Наверно, в каждом из таких суждений содержалась доля правды. Так или иначе, популярность Евтушенко превращалась в своеобразную литературную проблему. В молодежном быту его стихи воспринимались как пробный камень для распознания художественных запросов собеседника. Через отношение к Евтушенко молодые люди, едва успев познакомиться, нередко устанавливали степень своего духовного родства,

Такое страстное отношение к творчеству поэта уже само по себе примечательно. Как бы ни оценивать его лирику, нельзя не признать, что подобное выявление общественной активности заслуживает серьезного анализа. Ведь ничего похожего не наблюдалось у нас со времен Маяковского.

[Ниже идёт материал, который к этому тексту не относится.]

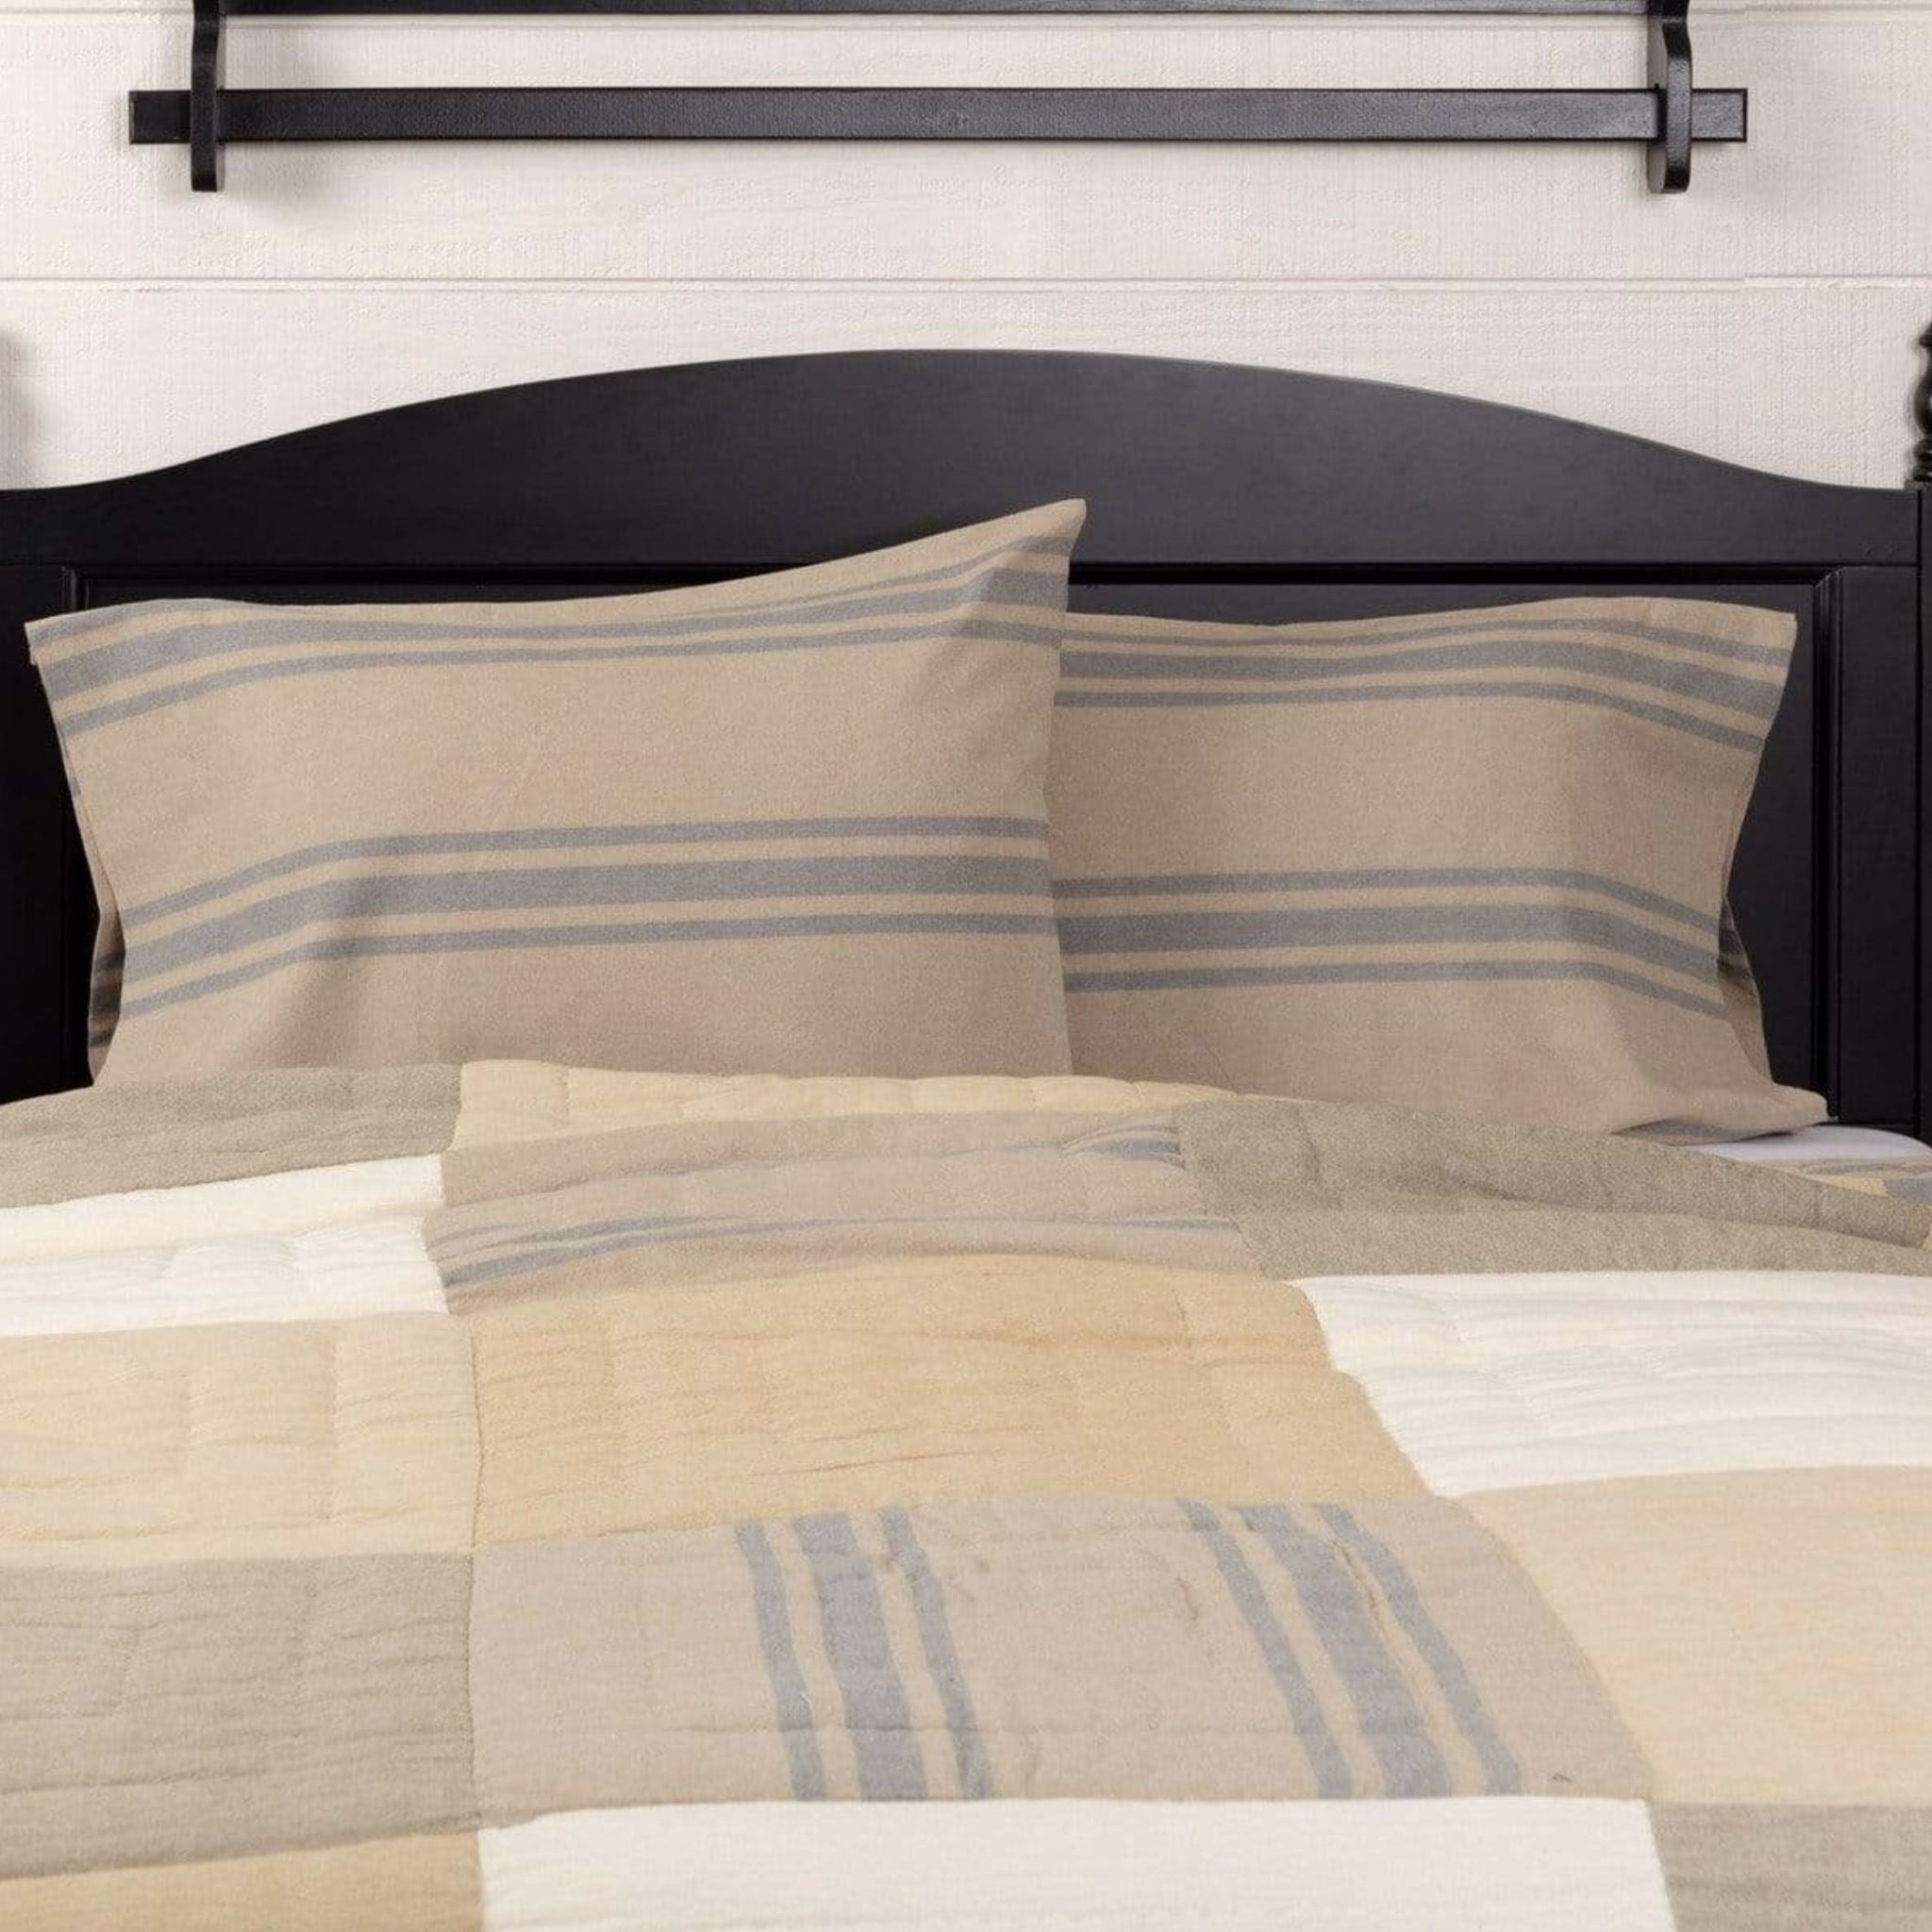 VHC Brands Farmers Market Grain Sack Stripe Pillow Case Set of 2

«Как можно сравнивать! – слышу я возмущенные голоса. – Маяковский был и остается… То есть нет, не так… Ну, скажем, Маяковский стал поэтическим выражением целого этапа в жизни советского общества…»

Но в том-то и дело, перебью я своих оскорбленных оппонентов, что, по моему глубокому убеждению, лирика Евтушенко, хотим мы того или нет, при всех очевидных недостатках его творчества, о которых я не премину сказать ниже, стала закономерным явлением в русской поэзии минувшего десятилетия. А, кроме того, стоило бы, кстати, вспомнить, как относилась к Маяковскому современная ему критика.

Я вовсе не склонен расценивать повышенный спрос на какую-либо книгу в качестве неоспоримого свидетельства ее безусловных достоинств. Но можно ли закрывать глаза на то, что даже временные, скоропреходящие увлечения читательской массы непременно предопределены удовлетворением какой-то насущной духовной потребности. Вы хотите сказать, что в таких случаях люди иной раз довольствуются эрзацами? Да, несомненно, но это лишь свидетельство того, что потребность назрела в очень большой степени. И уж если так, то о ней надо говорить со всей прямотой.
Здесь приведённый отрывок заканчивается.